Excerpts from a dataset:

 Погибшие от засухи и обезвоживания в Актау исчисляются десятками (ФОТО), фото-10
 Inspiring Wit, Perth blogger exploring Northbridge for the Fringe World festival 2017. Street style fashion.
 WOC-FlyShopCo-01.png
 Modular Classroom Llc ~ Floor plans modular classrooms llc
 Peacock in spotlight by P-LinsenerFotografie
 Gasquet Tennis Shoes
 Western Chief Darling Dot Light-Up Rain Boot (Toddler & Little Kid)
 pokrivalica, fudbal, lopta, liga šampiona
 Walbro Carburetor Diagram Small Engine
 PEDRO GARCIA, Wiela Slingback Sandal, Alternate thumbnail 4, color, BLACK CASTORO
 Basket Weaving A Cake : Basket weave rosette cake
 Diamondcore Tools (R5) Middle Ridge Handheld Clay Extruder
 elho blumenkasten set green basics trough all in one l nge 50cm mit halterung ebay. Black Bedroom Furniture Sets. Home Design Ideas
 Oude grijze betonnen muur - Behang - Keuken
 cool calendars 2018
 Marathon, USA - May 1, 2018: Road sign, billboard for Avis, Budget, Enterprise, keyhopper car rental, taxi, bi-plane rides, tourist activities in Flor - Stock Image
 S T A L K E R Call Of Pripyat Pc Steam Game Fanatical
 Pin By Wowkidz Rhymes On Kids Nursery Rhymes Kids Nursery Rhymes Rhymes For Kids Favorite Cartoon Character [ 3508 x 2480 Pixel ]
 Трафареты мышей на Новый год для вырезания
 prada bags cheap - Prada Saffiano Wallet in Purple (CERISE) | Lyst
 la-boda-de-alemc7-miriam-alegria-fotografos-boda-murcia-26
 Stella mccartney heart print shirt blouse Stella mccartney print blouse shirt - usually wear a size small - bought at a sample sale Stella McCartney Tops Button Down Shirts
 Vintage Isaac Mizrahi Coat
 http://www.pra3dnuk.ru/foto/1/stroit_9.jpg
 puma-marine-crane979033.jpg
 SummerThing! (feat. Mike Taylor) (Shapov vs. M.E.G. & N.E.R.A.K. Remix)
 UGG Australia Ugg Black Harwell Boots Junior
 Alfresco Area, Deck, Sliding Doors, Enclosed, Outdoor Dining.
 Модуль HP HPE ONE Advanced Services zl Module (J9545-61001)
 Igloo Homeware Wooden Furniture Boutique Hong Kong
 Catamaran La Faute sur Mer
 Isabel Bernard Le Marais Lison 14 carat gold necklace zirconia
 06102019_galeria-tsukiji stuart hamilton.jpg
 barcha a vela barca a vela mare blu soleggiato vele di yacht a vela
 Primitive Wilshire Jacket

Assignment -> Your answer must consist solely of the lines above between the line holding "Diamondcore Tools (R5)" and the line holding "Трафареты мышей на Новый год для вырезания", inclusive, copied exactly.

Task answer ->
 Diamondcore Tools (R5) Middle Ridge Handheld Clay Extruder
 elho blumenkasten set green basics trough all in one l nge 50cm mit halterung ebay. Black Bedroom Furniture Sets. Home Design Ideas
 Oude grijze betonnen muur - Behang - Keuken
 cool calendars 2018
 Marathon, USA - May 1, 2018: Road sign, billboard for Avis, Budget, Enterprise, keyhopper car rental, taxi, bi-plane rides, tourist activities in Flor - Stock Image
 S T A L K E R Call Of Pripyat Pc Steam Game Fanatical
 Pin By Wowkidz Rhymes On Kids Nursery Rhymes Kids Nursery Rhymes Rhymes For Kids Favorite Cartoon Character [ 3508 x 2480 Pixel ]
 Трафареты мышей на Новый год для вырезания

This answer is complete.